- _SOURCE MATERIAL_
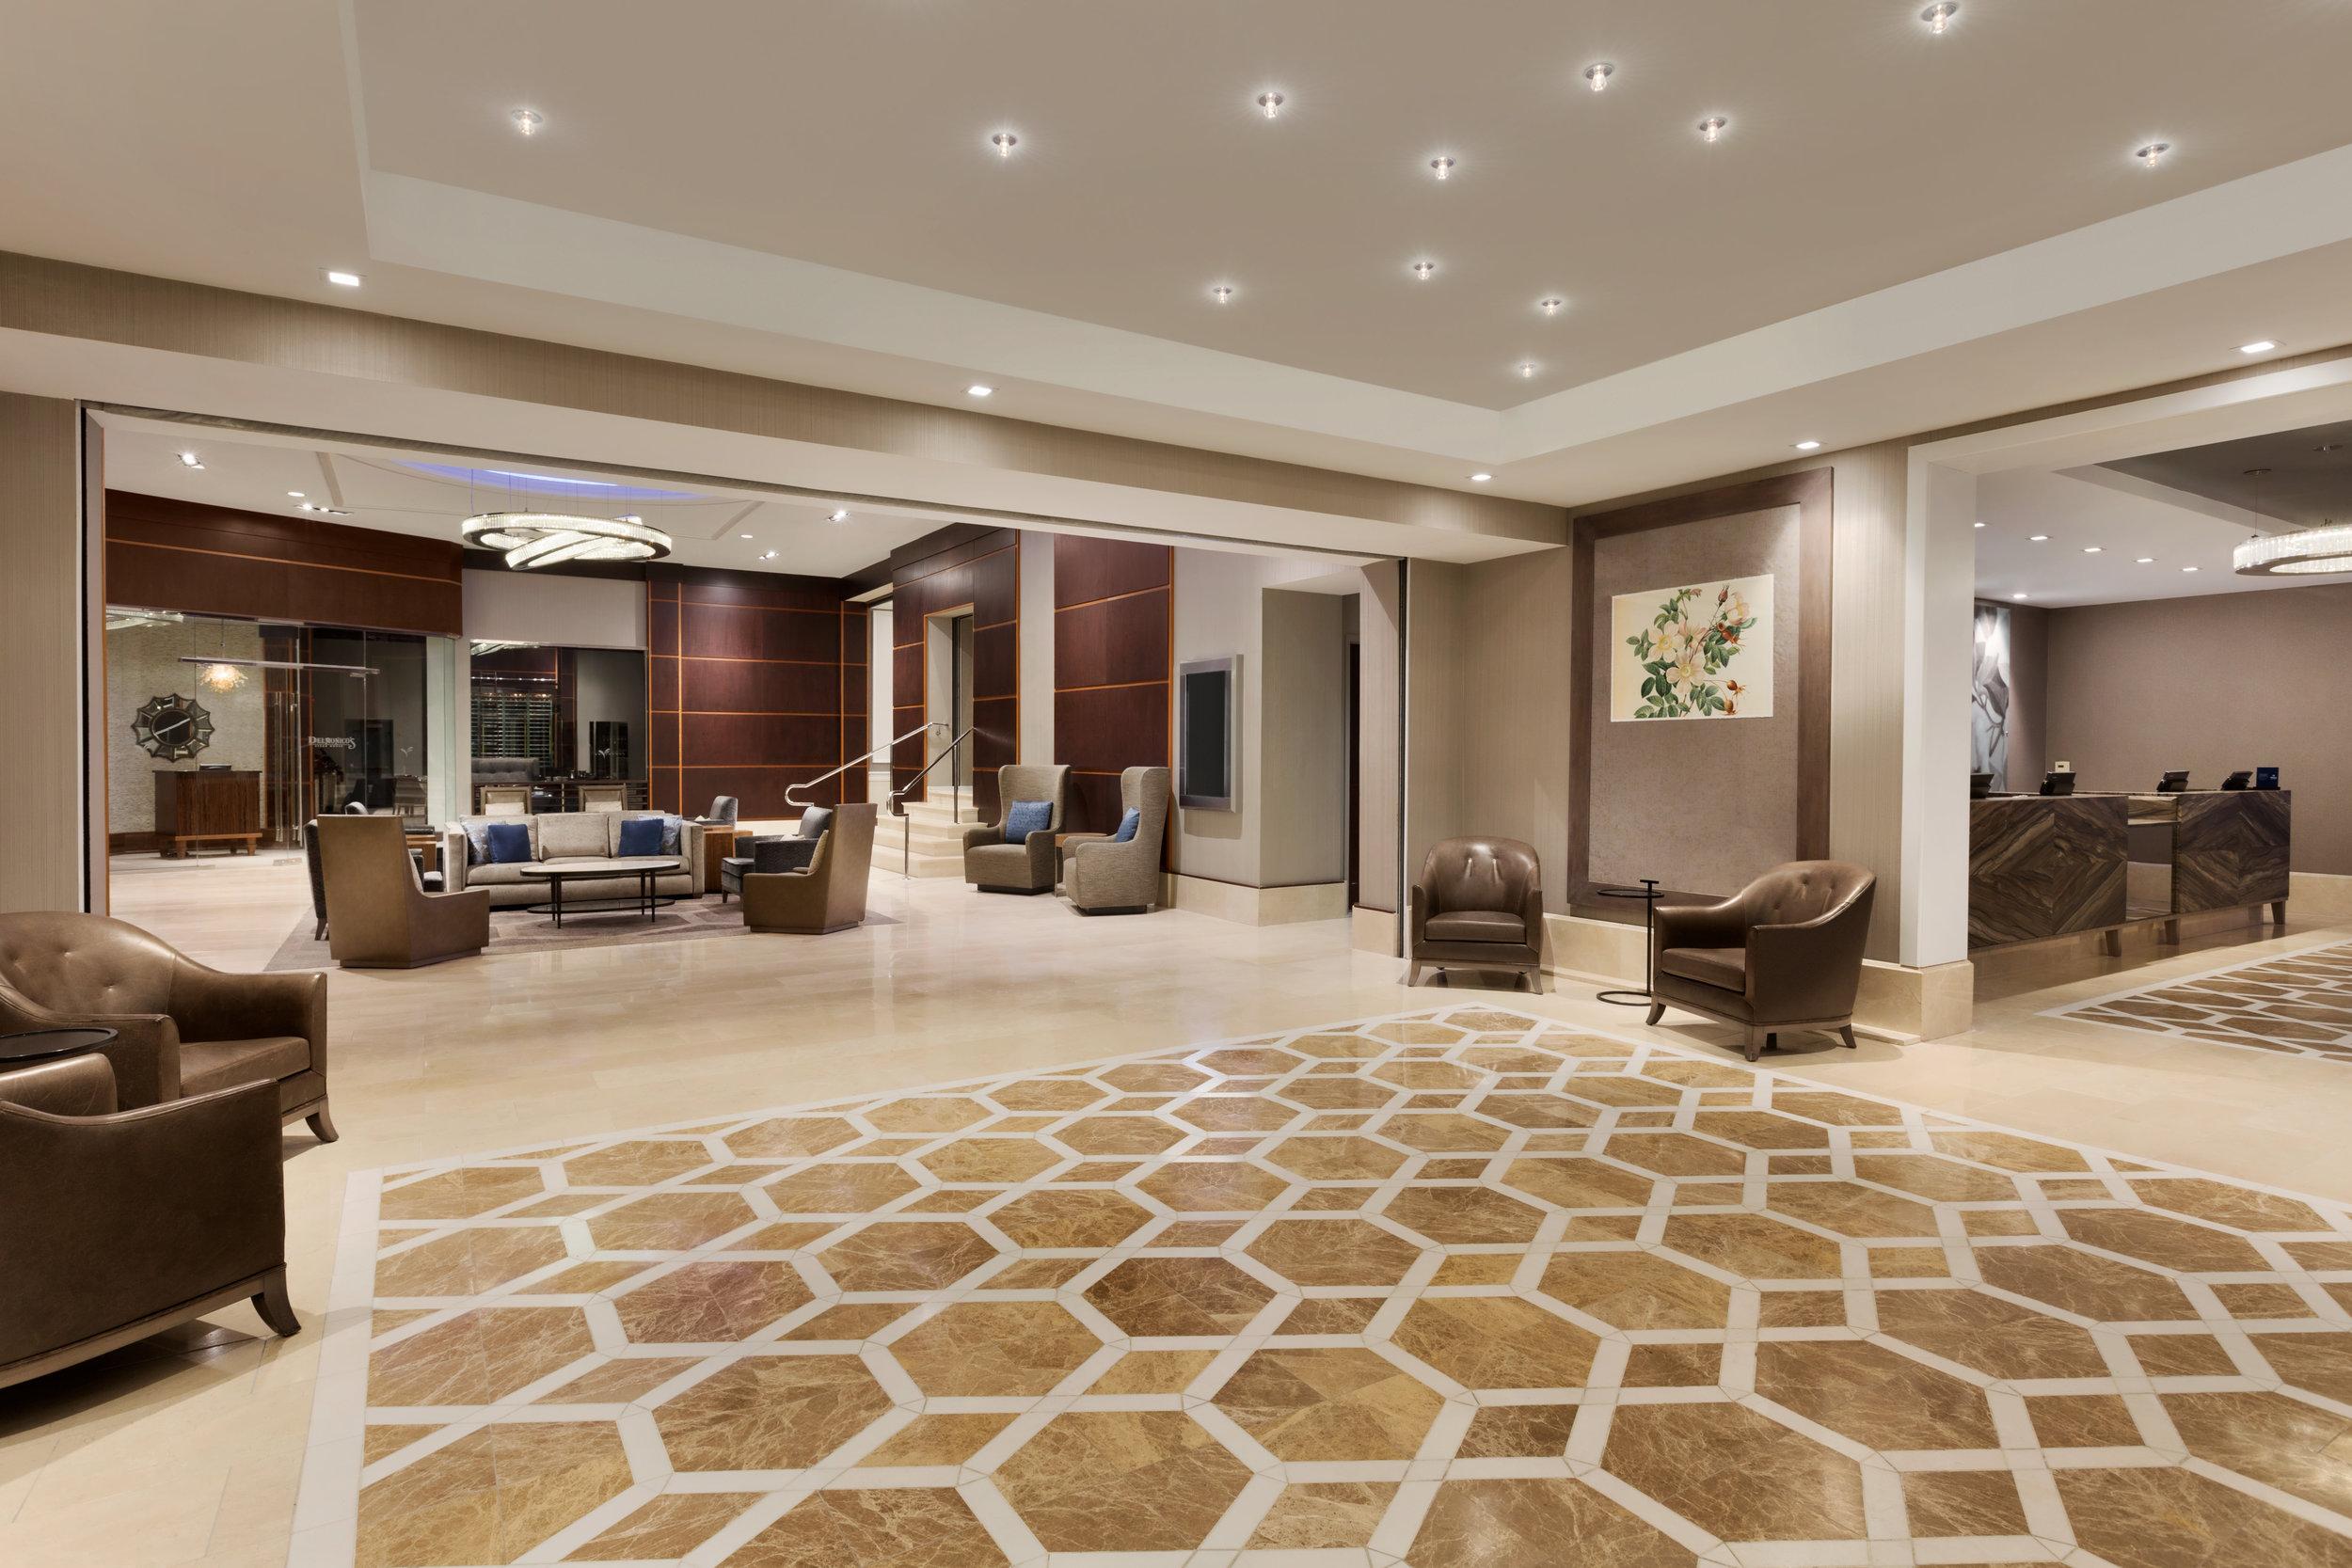 Hilton Philadelphia City Avenue - Lobby - 1168165 copy.jpg
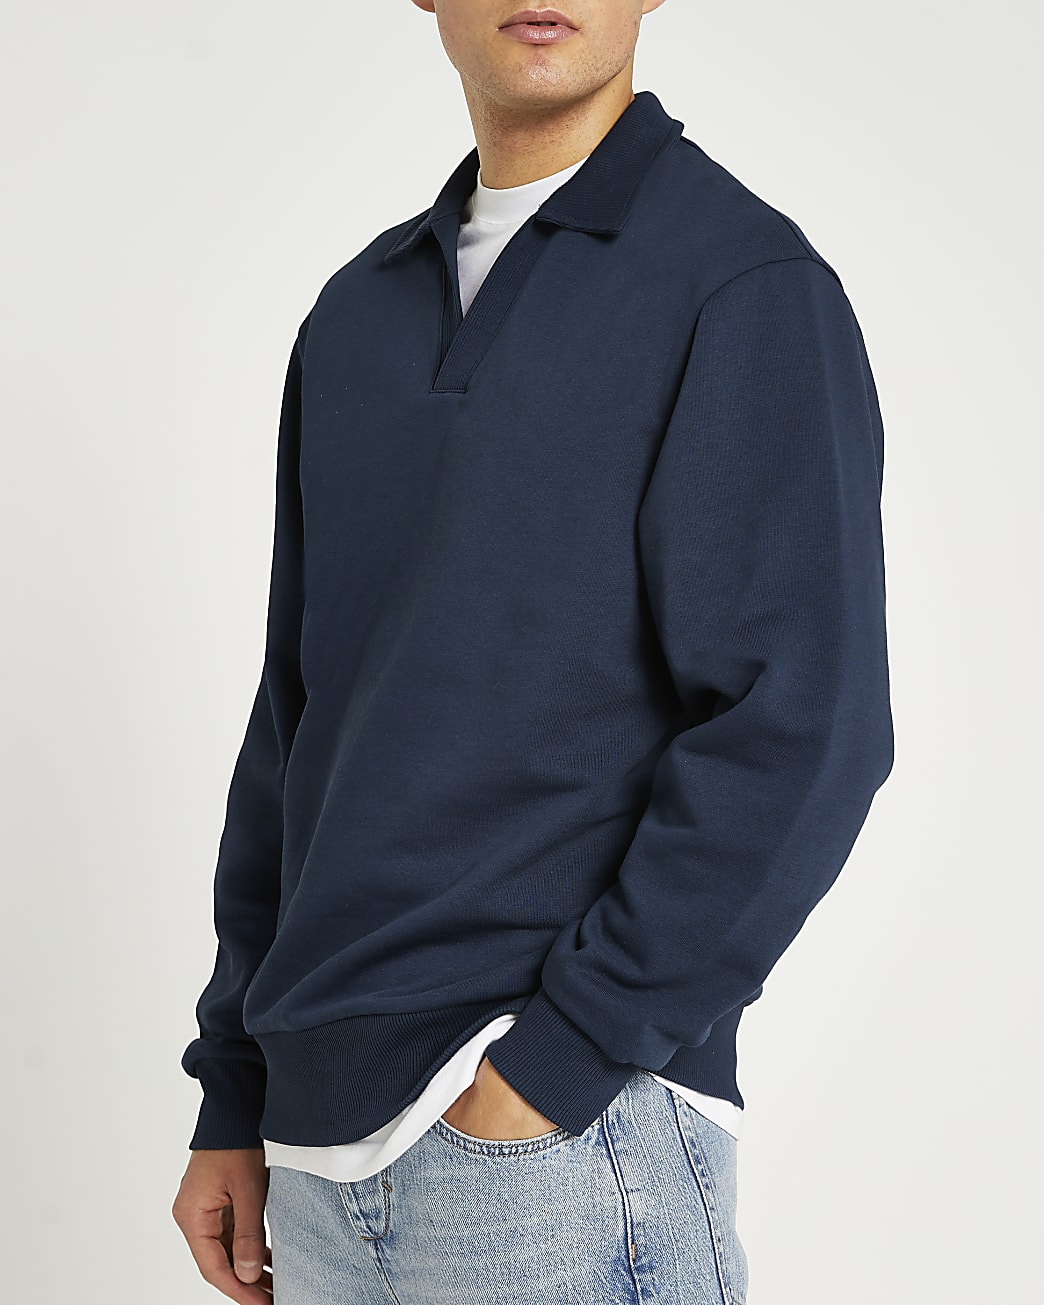 Navy regular fit v neck collared sweatshirt
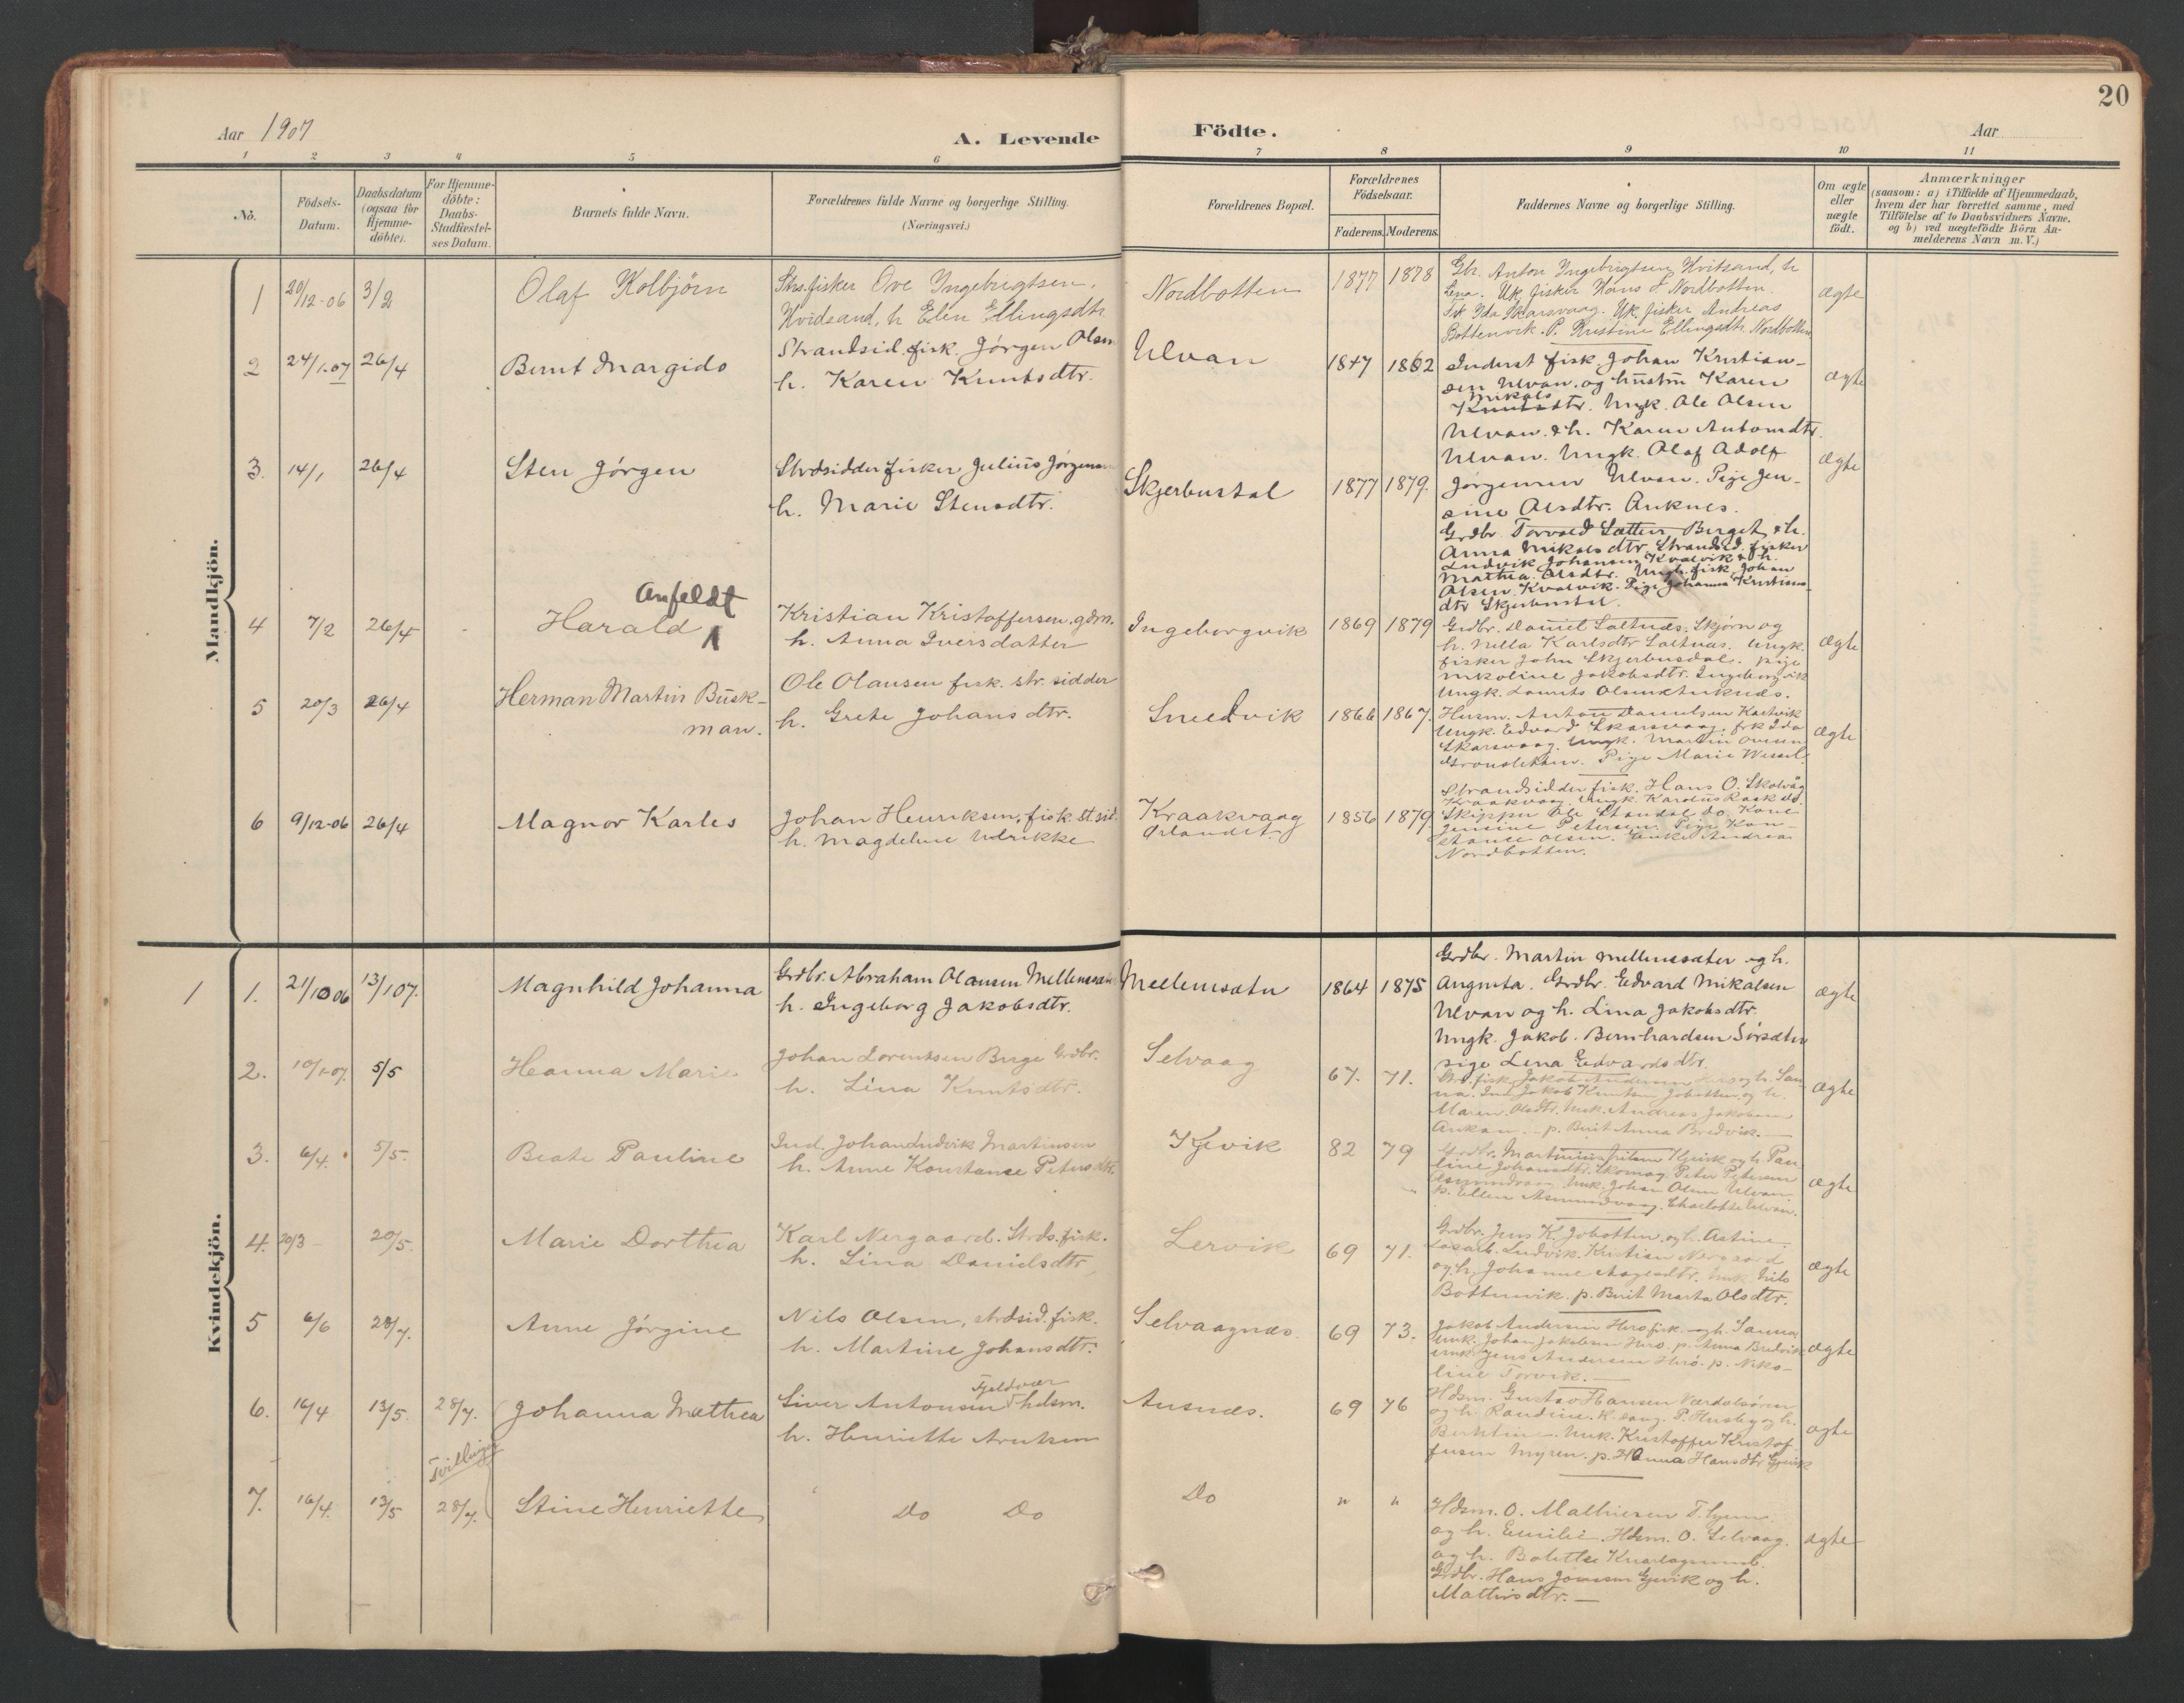 SAT, Ministerialprotokoller, klokkerbøker og fødselsregistre - Sør-Trøndelag, 638/L0568: Ministerialbok nr. 638A01, 1901-1916, s. 20

- _WHAT YOU NEED TO DO_
Retype all the data exactly; skip the pictures.

- _ANSWER SPACE_
 Hilton Philadelphia City Avenue - Lobby - 1168165 copy.jpg
 Navy regular fit v neck collared sweatshirt
 SAT, Ministerialprotokoller, klokkerbøker og fødselsregistre - Sør-Trøndelag, 638/L0568: Ministerialbok nr. 638A01, 1901-1916, s. 20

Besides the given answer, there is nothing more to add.